▸ Exercise prompt
Scan the material and copy every line in which "Spray" appears.

▸ Recorded information
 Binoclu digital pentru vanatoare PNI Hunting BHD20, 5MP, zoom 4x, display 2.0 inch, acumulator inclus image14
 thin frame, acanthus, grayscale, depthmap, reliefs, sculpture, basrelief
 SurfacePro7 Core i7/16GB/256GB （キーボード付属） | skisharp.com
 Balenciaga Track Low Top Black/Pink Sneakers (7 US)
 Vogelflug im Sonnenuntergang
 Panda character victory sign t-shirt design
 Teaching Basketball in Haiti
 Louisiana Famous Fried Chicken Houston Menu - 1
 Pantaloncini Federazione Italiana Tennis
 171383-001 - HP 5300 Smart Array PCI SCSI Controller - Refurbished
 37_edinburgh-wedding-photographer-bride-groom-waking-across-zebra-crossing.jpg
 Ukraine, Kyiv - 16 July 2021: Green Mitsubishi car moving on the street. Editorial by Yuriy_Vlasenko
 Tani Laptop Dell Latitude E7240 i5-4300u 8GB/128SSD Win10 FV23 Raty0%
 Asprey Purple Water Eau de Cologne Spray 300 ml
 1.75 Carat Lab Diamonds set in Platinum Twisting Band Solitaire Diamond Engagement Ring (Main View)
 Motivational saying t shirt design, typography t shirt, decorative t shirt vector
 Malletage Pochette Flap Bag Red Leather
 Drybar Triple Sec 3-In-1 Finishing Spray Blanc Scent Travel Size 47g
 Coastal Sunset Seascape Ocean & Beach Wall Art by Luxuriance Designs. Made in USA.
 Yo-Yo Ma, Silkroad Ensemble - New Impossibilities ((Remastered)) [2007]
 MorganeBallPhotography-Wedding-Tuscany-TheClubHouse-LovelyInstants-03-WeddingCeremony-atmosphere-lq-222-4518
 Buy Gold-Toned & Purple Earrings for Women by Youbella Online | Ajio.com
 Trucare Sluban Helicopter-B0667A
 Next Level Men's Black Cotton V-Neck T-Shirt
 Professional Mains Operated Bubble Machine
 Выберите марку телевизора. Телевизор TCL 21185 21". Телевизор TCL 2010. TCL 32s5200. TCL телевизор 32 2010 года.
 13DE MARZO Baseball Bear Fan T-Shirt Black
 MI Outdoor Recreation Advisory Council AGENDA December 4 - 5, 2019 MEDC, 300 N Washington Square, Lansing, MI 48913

▸ Task result
 Asprey Purple Water Eau de Cologne Spray 300 ml
 Drybar Triple Sec 3-In-1 Finishing Spray Blanc Scent Travel Size 47g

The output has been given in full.